Other five genes (NOG, VIP, RIMKLB, NKAIN4, and FAM171B) in the 12-gene signature are functionally sporadic. NOG is related to mesodermal commitment and differentiation pathway (Costamagna et al., 2016). High expressing of gene signature including NOG showed a strong trend for a worse prognosis of patients with lung adenocarcinomas (Rajski, Saaf & Buess, 2015). VIP, a member of glucagon/secretin superfamily, is the ligand of class II G protein-coupled receptor (Umetsu et al., 2011). It causes vasodilation and lowers arterial blood pressure. VIP signaling is enhanced in human prostate cancer (Fernandez-Martinez et al., 2012). Elevated VIP secretion is associated with advanced tumor stage in colorectal carcinoma (Hirayasu et al., 2002). RIMKLB is involved in alanine, aspartate and glutamate metabolism. RIMKLB up-regulation is associated with radio-resistance in nasopharyngeal carcinomas (Li et al., 2016). NKAIN4 may interact with the beta subunit of Na, K-ATPase (Gorokhova et al., 2007). FAM171B which is a single-pass type I membrane protein, belongs to the FAM171 family. It is up-regulated in gemcitabine-resistant pancreatic cancer cell line (Zhou et al., 2015). The associations of these genes with cancer and cancer outcomes are very relevant to our findings in this study.

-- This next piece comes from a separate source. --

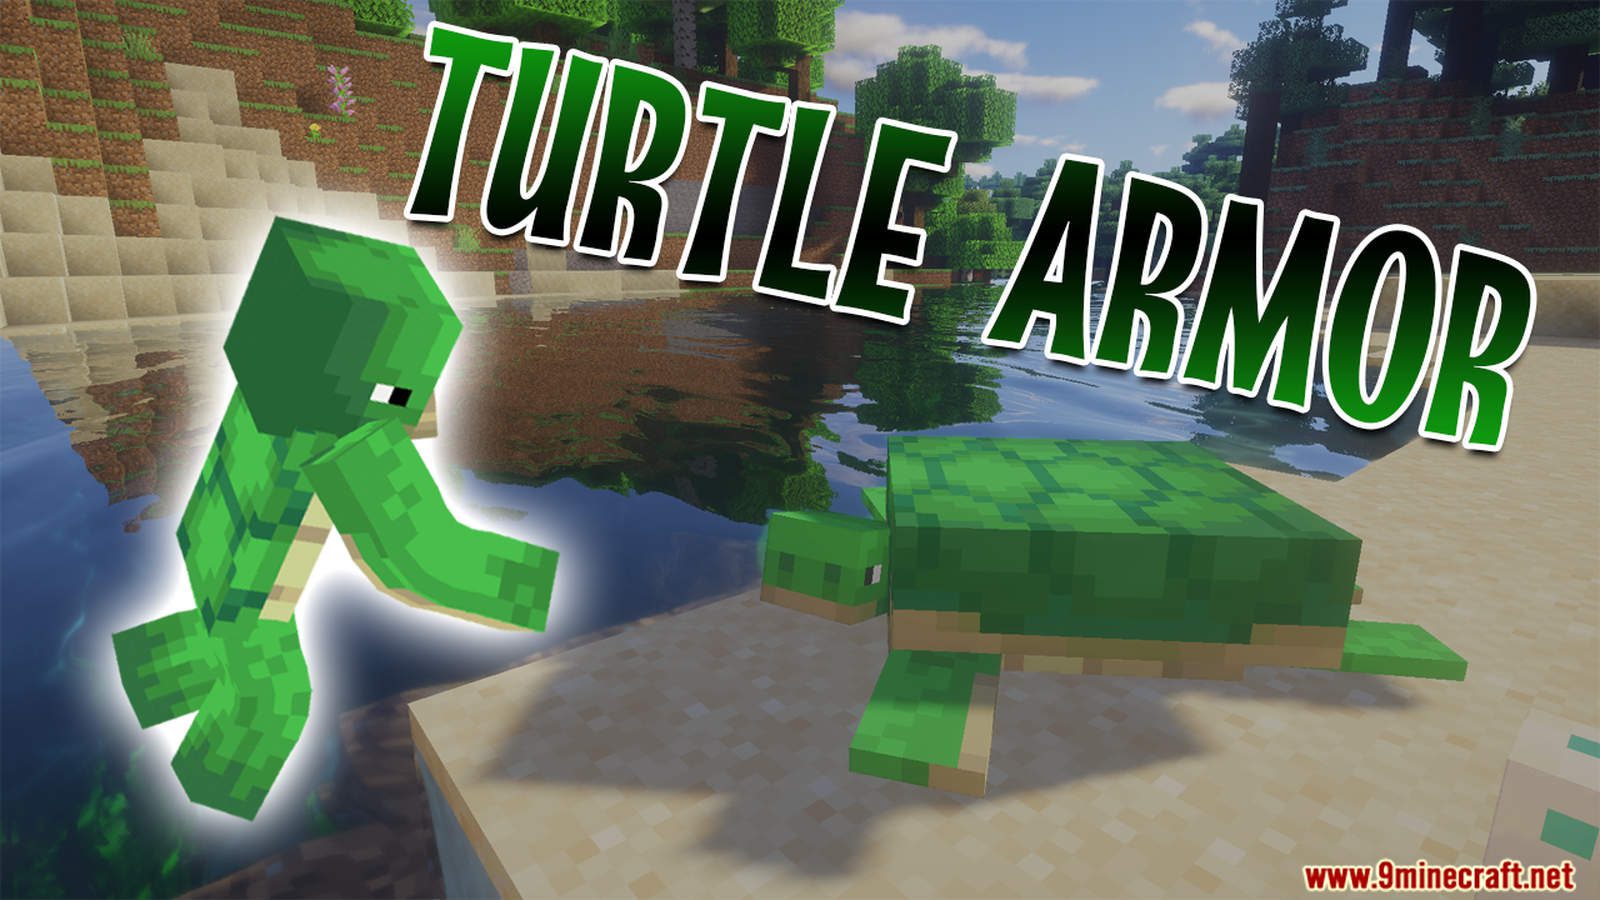 Full Turtle Armor Data Pack (1.18.2, 1.13.2) - Becomes a Turtle 1
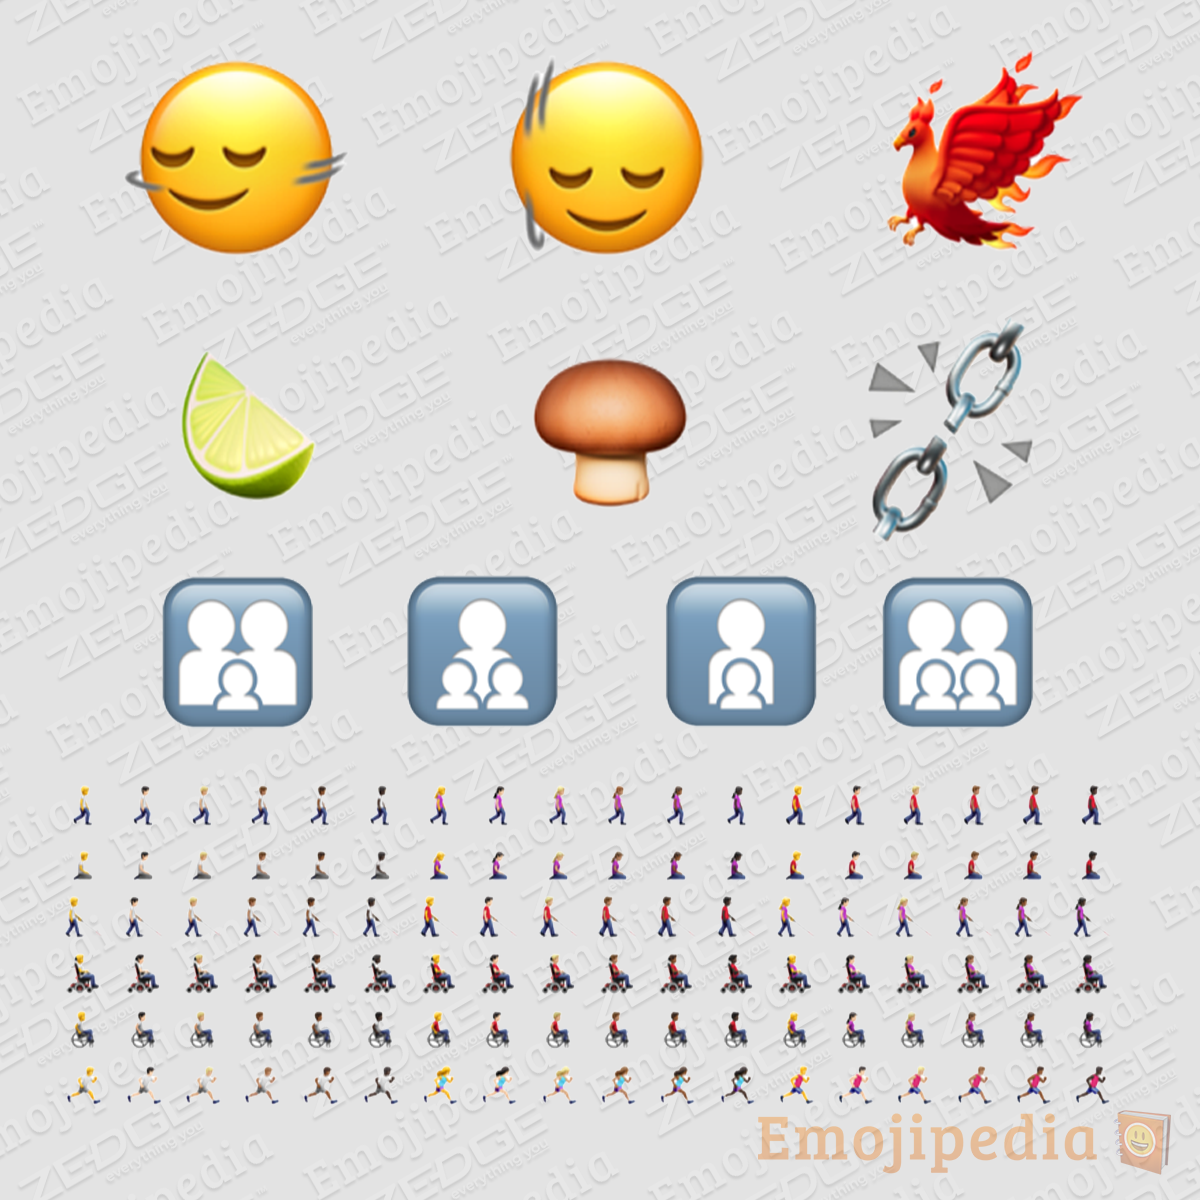 Six new emojis and more modifications are available in iOS 17.4 beta and are coming to the iOS 17.4 update in March, 2024. Credit: <a href="https://blog.emojipedia.org/first-look-new-emojis-in-ios-17-4/">Emojipedia</a>” class=”wp-image-601728 lazyload blur-up”><figcaption class=

Our signature generated a novel scoring system with relative gene expression values by dividing the raw expression with geometric mean of RPKM values of three house-keeping genes (TFRC, GUSB, and RPLP0). In order to preserve the heterogeneities among tumors to the most extent, ACTB and GAPDH were avoided using as reference genes due to the fact that cytoskeleton and energy metabolism might be greatly deregulated among cancer individuals (Xiang, Chen & Fu, 2017; Stine & Dang, 2013). A recent study overcomes hypoxia-induced tumor cell resistance by synergistic GAPDH-siRNA and chemotherapy (Guan et al., 2017), indicating the important roles of GAPDH in tumor cell resistance. Our normalization process also makes the gene expression scoring system very friendly to different gene expression detection systems including qPCR, RNA-seq, and QuantiGene Plex.

Conclusion

A robust and accurate gene expression signature is essential to assist oncologists to determine which subset of patients at similar TNM stage has high recurrence risk and could benefit from adjuvant therapies. Here we report a new 12-gene expression signature that could separate resectable COAD patients into poor- and good-prognosis group in several independent TCGA and microarray datasets. Functional classification showed that seven of the twelve genes are involved in immune system function and regulation. Our gene expression signature could potentially serve as an effective genomic test in helping identify resectable COAD patients with high risk of poor prognosis. The accuracy and robustness of the signature as a prognostic classification requires further confirmation with large prospective patient cohorts.

Supplemental Information

Figure S1. Discovery of genes whose expression displayed high correlations with COAD prognosis.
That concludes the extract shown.